3. JOYEROS Y PESCADEROS

4. EVARISTO Y FORCADELL

5. MIGUEL SEGURA

6. LA SORPRESA

7. CAMINO DE BARCELONA

8. RESONANCIA

9. COMISARIO SILVANO

10. BARCELONA

11. FORCADELL

12. LA HORA DE LA VERDAD

13. CERRANDO

14. OLVÍDATE DE TI

EPÍLOGO. ORO, JOYERÍA Y DELINCUENCIA

Prólogo

Hubo una época, no muy lejana, en la que el comercio entre los industriales y las tiendas funcionaba gracias a una clase de profesionales, una especie podría decirse, conocidos popularmente bajo el nombre de viajantes.

Pronto, muy pronto, para la mayoría de la gente, esta especie será prácticamente desconocida; podríamos decir, incluso, que ya casi lo es para los nacidos hace menos de cincuenta años. La inmensa mayoría, si entiende el significado nominal de la palabra viajante, no alcanzará a entender el importante papel real que desempeñó socialmente, y entre aquellos que tengan referencia de su existencia, pocos habrá que hayan conocido alguno en persona.

Su hábitat, antes extendido por todos los sectores comerciales, desde la lencería hasta la joyería, se encuentra hoy prácticamente destruido.

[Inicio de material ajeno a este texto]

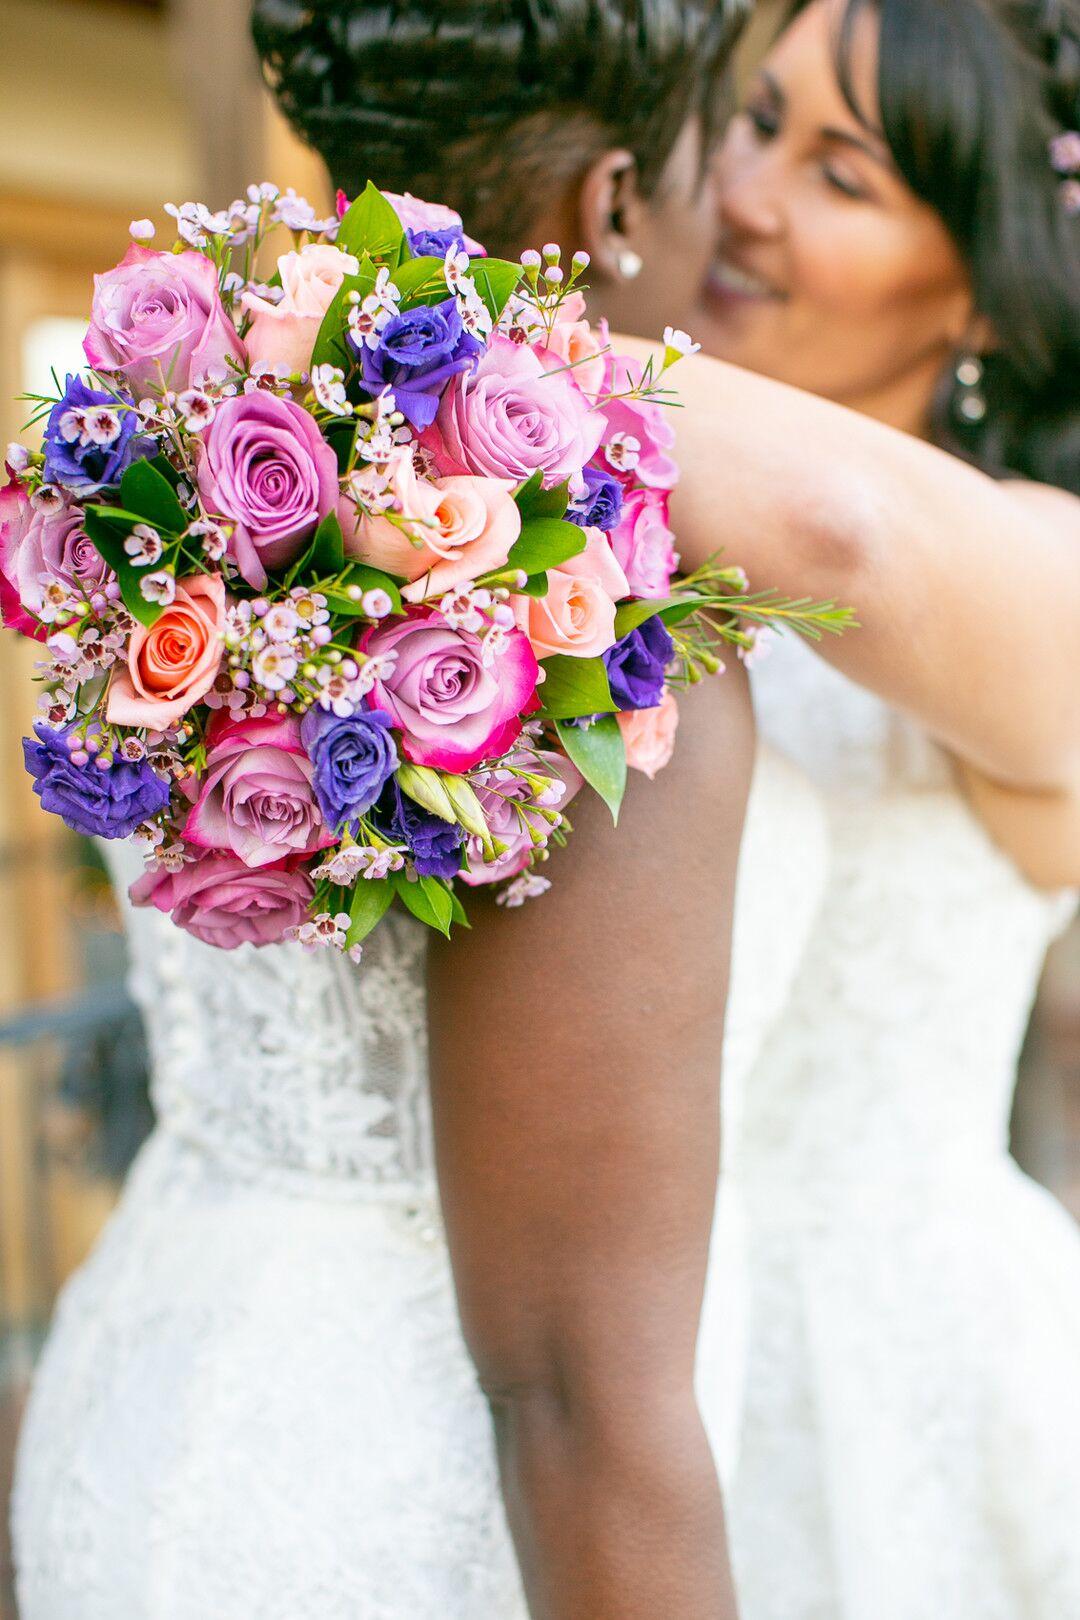 www.santabarbarawedding.com | Venue: The Casitas of Arroyo Grande | Photographer: Renoda Campbell Photography | Second Shooter: John Patrick Images |  Brides and Bouquet

El viajante de antaño necesitaba para su supervivencia de una implantación informática inexistente o mínima, de difíciles conexiones telefónicas, de lentas comunicaciones por carretera y, principalmente, de un comercio minorista muy fragmentado, repartido en múltiples dueños, y de un mundo ajeno a Internet, a las grandes superficies, a las cadenas de tiendas de un solo propietario y a la despoblación de las ciudades y grandes pueblos de provincia; es decir, del polo opuesto a lo que es el mundo de hoy.

La especie floreció en todo su esplendor en la España franquista más próspera, aquella que salía de la gran miseria que había dejado la guerra, la posguerra y el total aislamiento internacional, y tuvo su culmen en los años ochenta y los primeros noventa. A medida que la capacidad de consumo crecía, se abrían tiendas y más tiendas cuya única, o casi única, forma de comprar era la visita de un viajante que, ya fuera con muestras o con productos para entregar en el momento, se personaba físicamente en ellas para dar la oportunidad al comerciante local de proveerse de género para revender luego a sus conciudadanos.

Cuanto mayor era el aislamiento de una población, si esta tenía habitantes suficientes, más palpable era la presencia de los viajantes que, haciendo ruta para visitar a sus clientes, iban llenando de alegría y de dinero los sitios en los que paraban, dando qué hacer a las casas de comida, luego llamadas restaurantes, a las pensiones y hostales, luego sustituidos por hoteles, y también, como no, a las tascas, los garitos de copas, los reservados de cartas y a otros antros locales llamados entonces de perdición y hoy, en su mayoría, de ocio nocturno.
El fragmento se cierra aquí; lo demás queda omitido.